Slashdot Mirror


Analyzing YouTube's Audio Fingerprinter

Al Benedetto writes "I stumbled across this article which analyzes the YouTube audio content identification system in-depth. Apparently, since YouTube's system has no transparency, the behaviors had to be determined based on dozens of trial-and-error video uploads. The author tries things like speed/pitch adjustment, the addition of background noise, as well as other audio tweaks to determine exactly what you'd need to adjust before the fingerprinter started mis-identifying material. From the article: 'When I muted the beginning of the song up until 0:30 (leaving the rest to play) the fingerprinter missed it. When I kept the beginning up until 0:30 and muted everything from 0:30 to the end, the fingerprinter caught it. That indicates that the content database only knows about something in the first 30 seconds of the song. As long as you cut that part off, you can theoretically use the remainder of the song without being detected. I don't know if all samples in the content database suffer from similar weaknesses, but it's something that merits further research.'"

7 of 116 comments (clear)

  1. Whew! by Serenissima · · Score: 5, Funny

    It's a good thing no one at Youtube reads Slashdot. Otherwise they might come up with a fix! So, everyone keep this a secret! SHHHH!

    --
    Give a man a fire and he'll be warm for a day. But light a man on fire and he'll be warm for the rest of his life.
  2. Slashdot brainstorm here by eclectro · · Score: 5, Insightful

    Here's an idea. Start out the video with a useless narrative for the first thirty seconds "blah blah blah skip until :30 and ignore this intro blah blah" then start the music. That way everybody is happy. All google employees are too elitist to read slashdot, right?

    --
    Take the cheese to sickbay, the doctor should see it as soon as possible - B'Elanna Torres, "Learning Curve"
    1. Re:Slashdot brainstorm here by DriedClexler · · Score: 5, Funny

      Heh. I think people have already tried that.

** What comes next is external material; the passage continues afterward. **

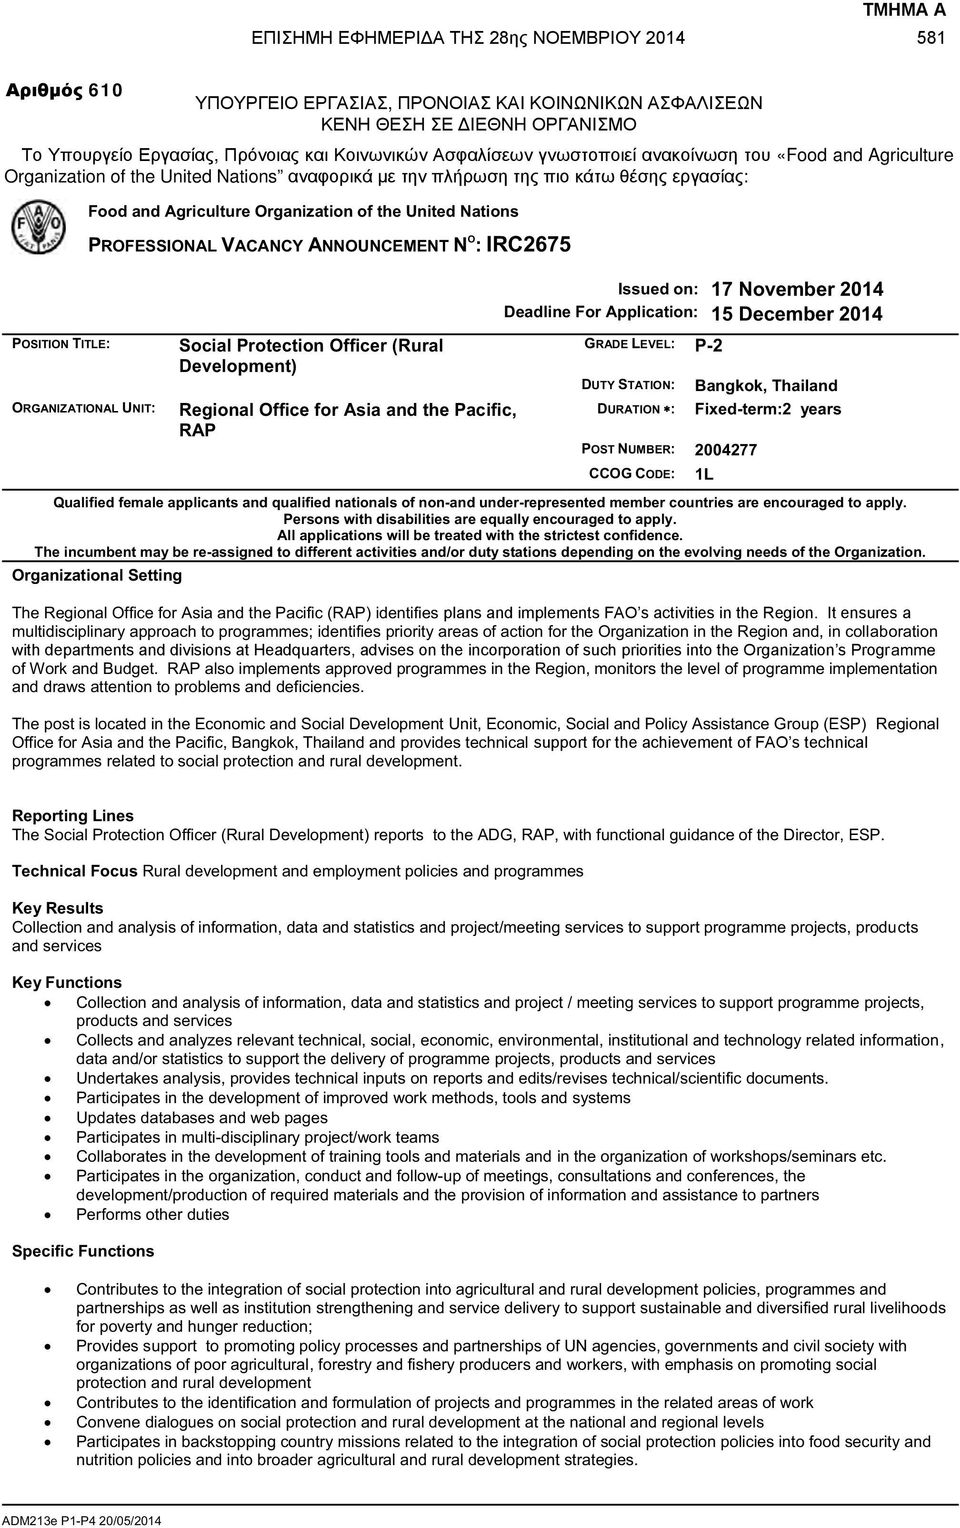 Agriculture Organization of the United Nations PROFESSIONAL VACANCY ANNOUNCEMENT N O : IRC2675 Social Protection Officer (Rural Development) Regional Office for Asia and the Pacific, RAP Issued on:

      Hi, I'm am amateur movie critic. Today I'm going to show you an example of poor film-making. blah blah blah ...

      *Plays entire Star Wars: Episode I*

      So, as you can see by the [cinematography jargon] and [screen writing jargon], this movie sucked and I hope you learn from it in making your own movies.

      One week later:

      "No! You can't take down my video. This is CLEARLY fair use, since I have OBVIOUSLY used it for educational commentary, and the entire clip was VITAL for showing how much Episode I sucked."

      --
      Information theory is life. The rest is just the KL divergence.
  3. pHash by b1ng0 · · Score: 5, Interesting

    This seems like a good time to pump my own open source project: pHash. pHash is a perceptual hashing library that computes hashes for audio, video and image files, with text and PDF hashing coming soon. We use an algorithm similar to YouTube's audio fingerprinting method but we do not only take into account the first 30 seconds. Although, it's impossible to tell from this basic test whether their algorithm truly only looks at the first 30 seconds, or if the algorithm considers them to be different audio files. If the song is only 1 minute in duration, and 30 seconds is blank, is that really the same audio file as the full 1 minute version? At some point the audio files are not really the same anymore, although the perceptual hashes should be somewhat close to each other. Please give pHash a try. We could use some feedback from the OSS community and would appreciate it greatly.

    1. Re:pHash by Anonymous Coward · · Score: 5, Funny

      fucking pHashist...

  4. Yes, but who analyzes the analyzers? by thomasdz · · Score: 5, Funny

    And who fingerprints the analyzers who analyze the analyzers?

    --
    Karma: Excellent. 15 moderator points expire sometime.
  5. I'd rather lose the last 30 seconds by Knave75 · · Score: 5, Insightful

    An unfortunate result. The last 30 seconds of most songs are not usually as interesting as the first 30 seconds.

    I wonder if he tried mangling the first 30 seconds at all. For example, keep the first 5 seconds, mess up the 6th and 7th seconds, and then continue on. Or perhaps adding in a base line that would be hard to hear. Or something at the high end of the audio frequency spectrum, to annoy all those teenagers while I listen to my free music in peace.